◆ Work to complete:
An exact copy of all the data below is needed, without its pictures.

◆ Information shown:
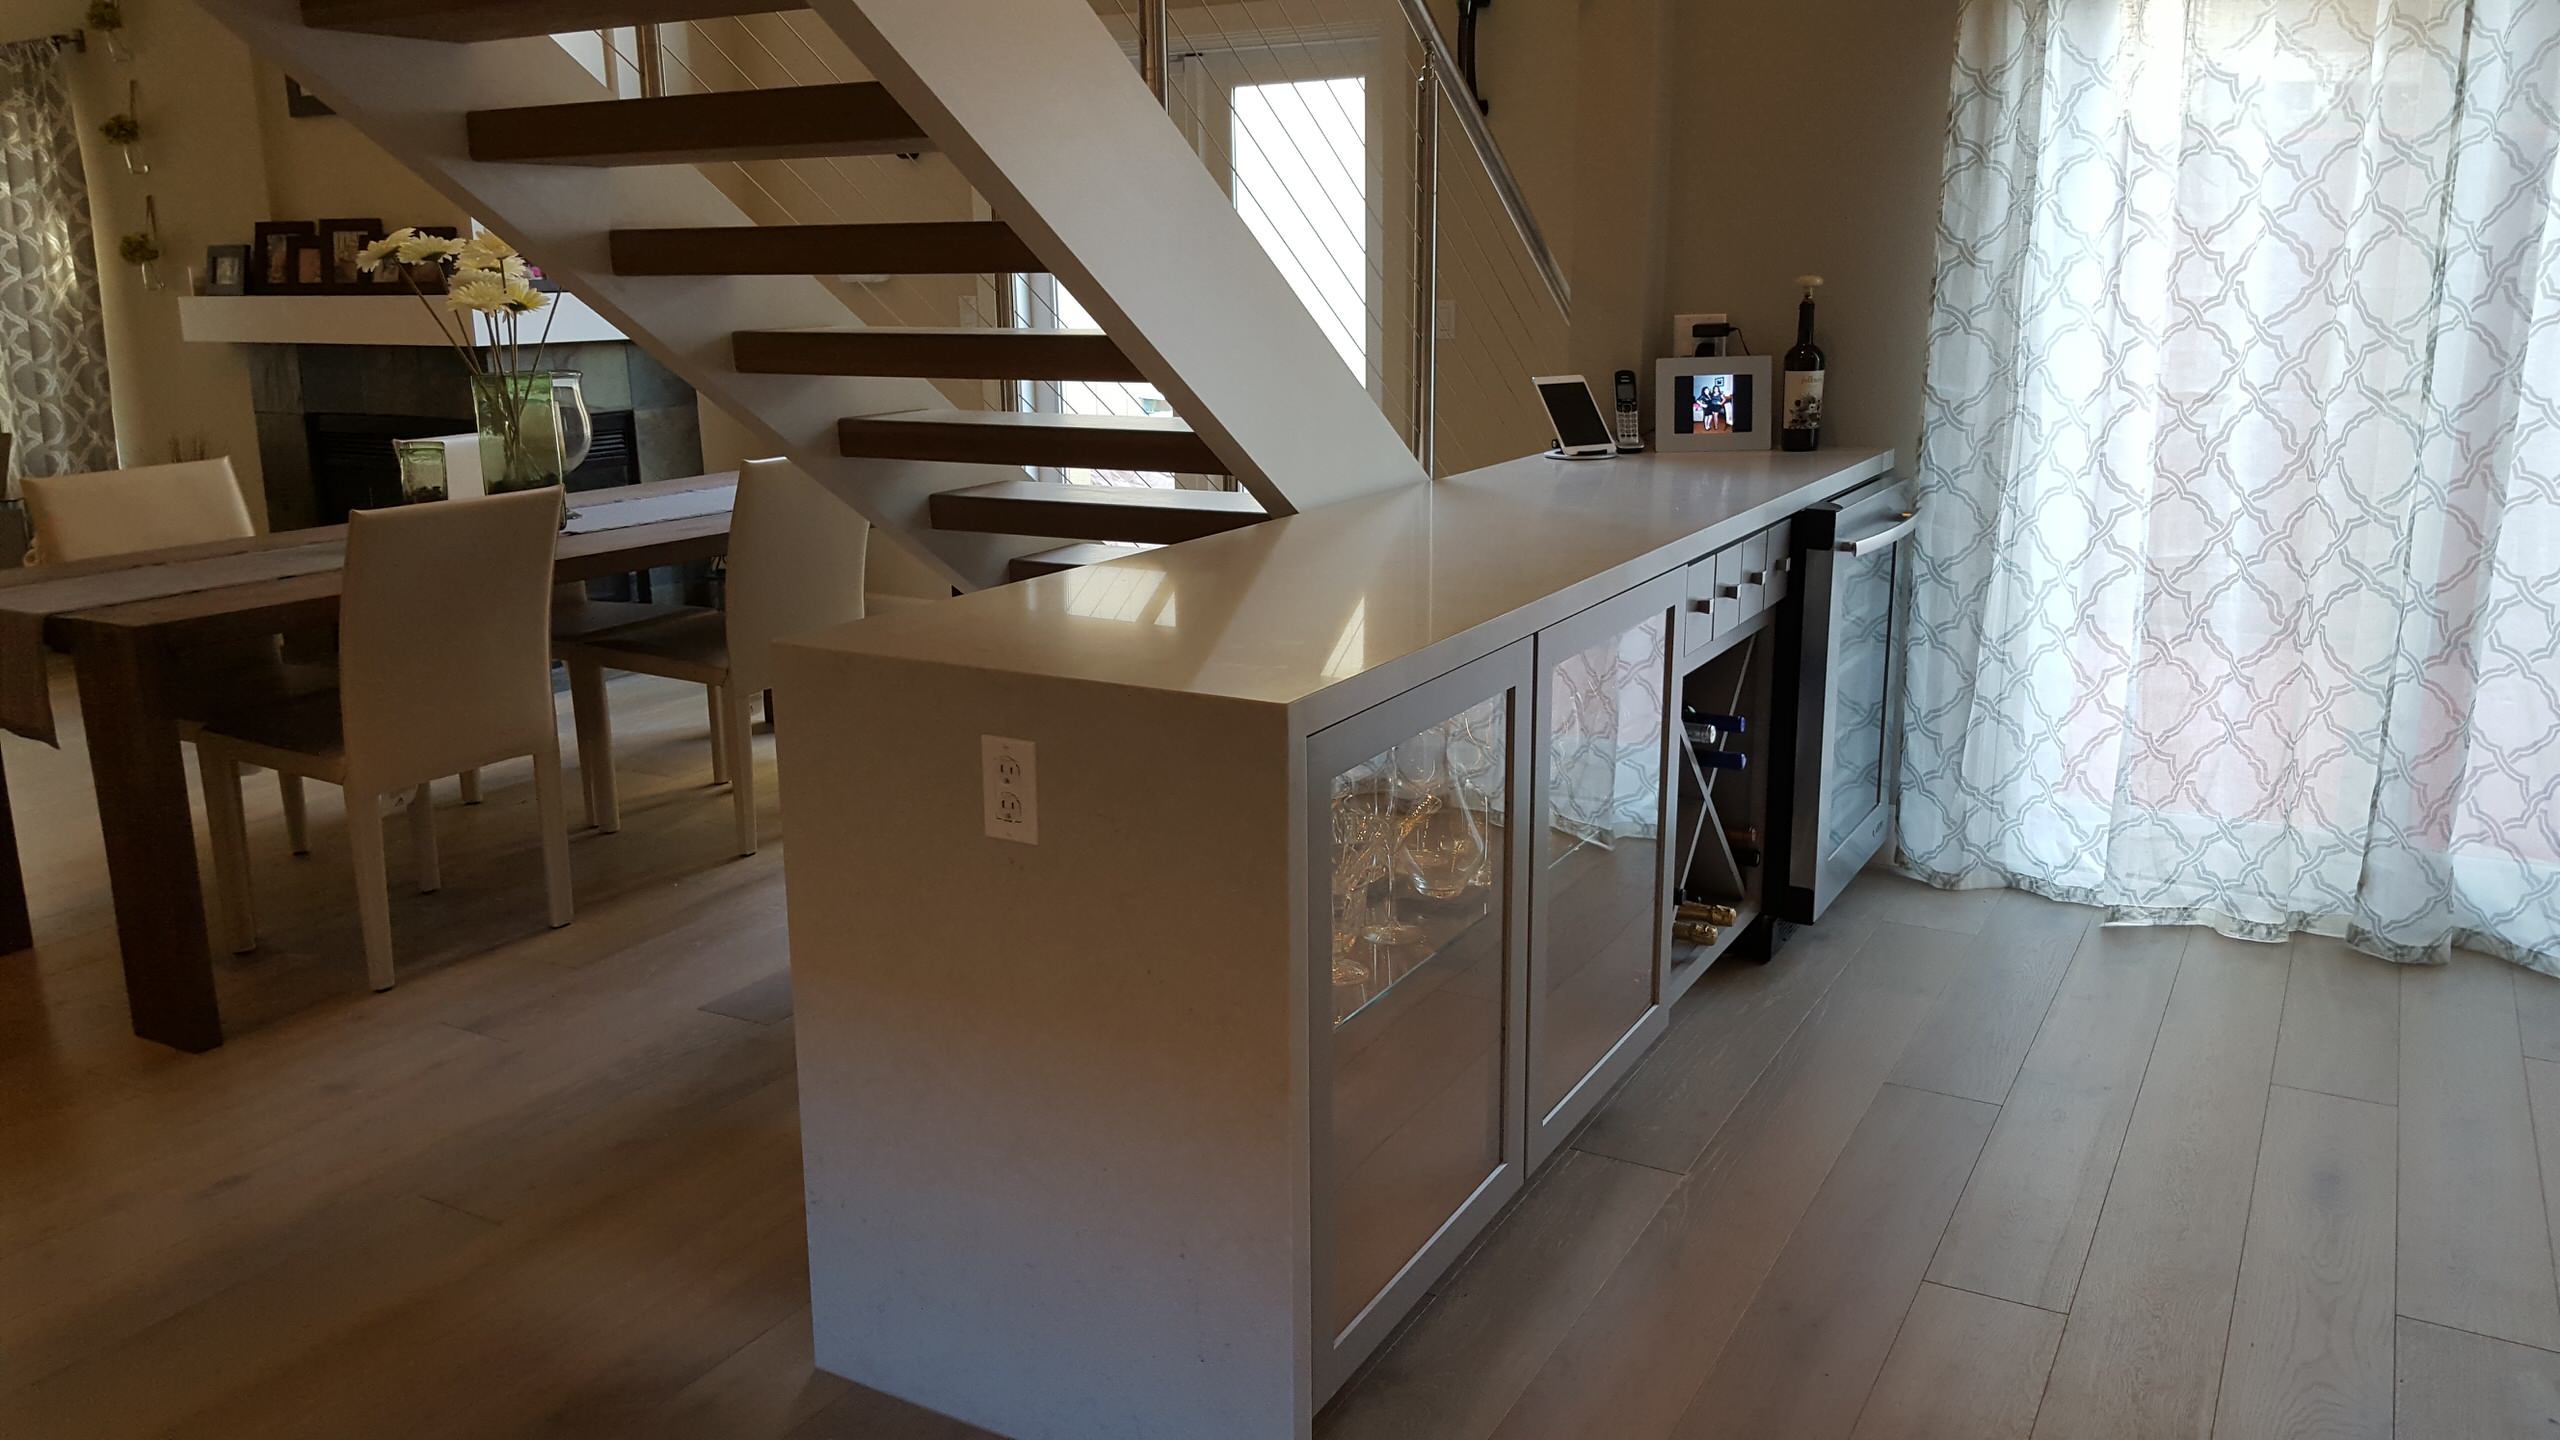 Open modern kitchen
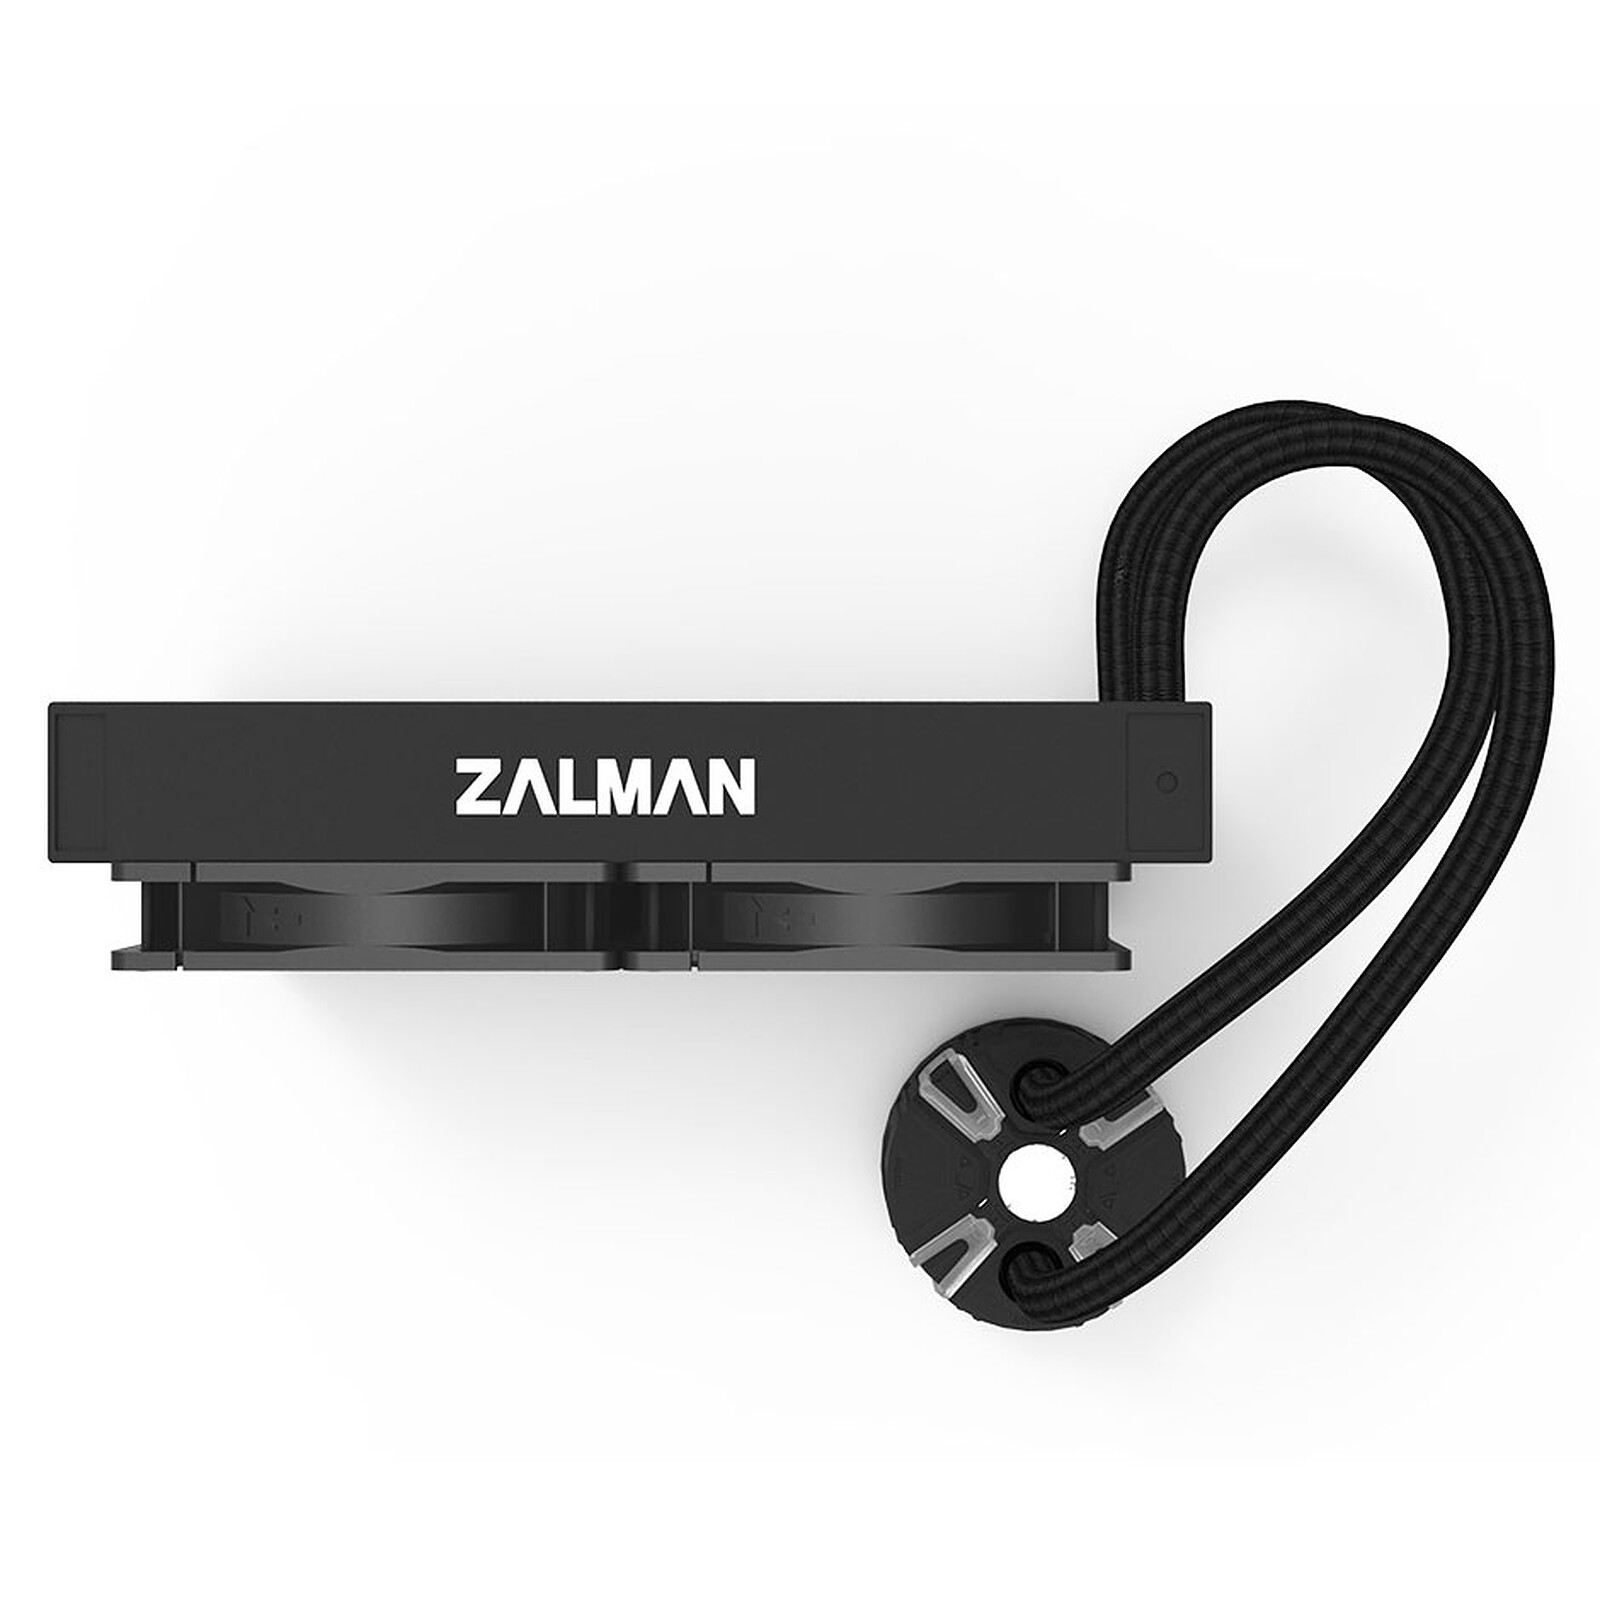 Zalman Reserator5 Z24 - black - CPU fan Zalman on LDLC
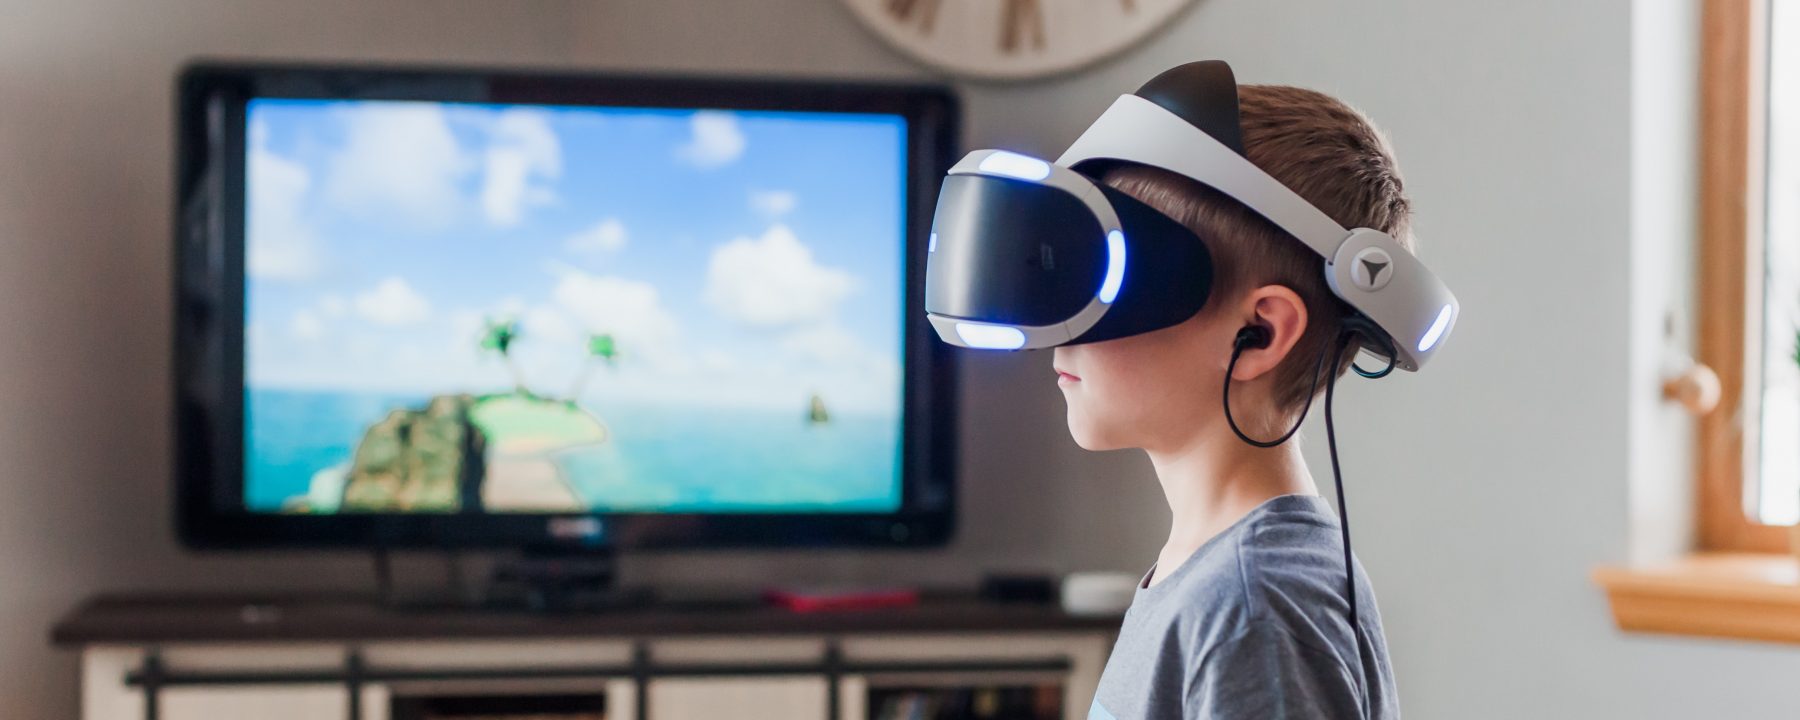 Virtuel turisme VR trends innovation lab jarle fink kondrup turismeudvikling Virtual reality - virtuelle oplevelser

◆ Answer to this task:
 Open modern kitchen
 Zalman Reserator5 Z24 - black - CPU fan Zalman on LDLC
 Virtuel turisme VR trends innovation lab jarle fink kondrup turismeudvikling Virtual reality - virtuelle oplevelser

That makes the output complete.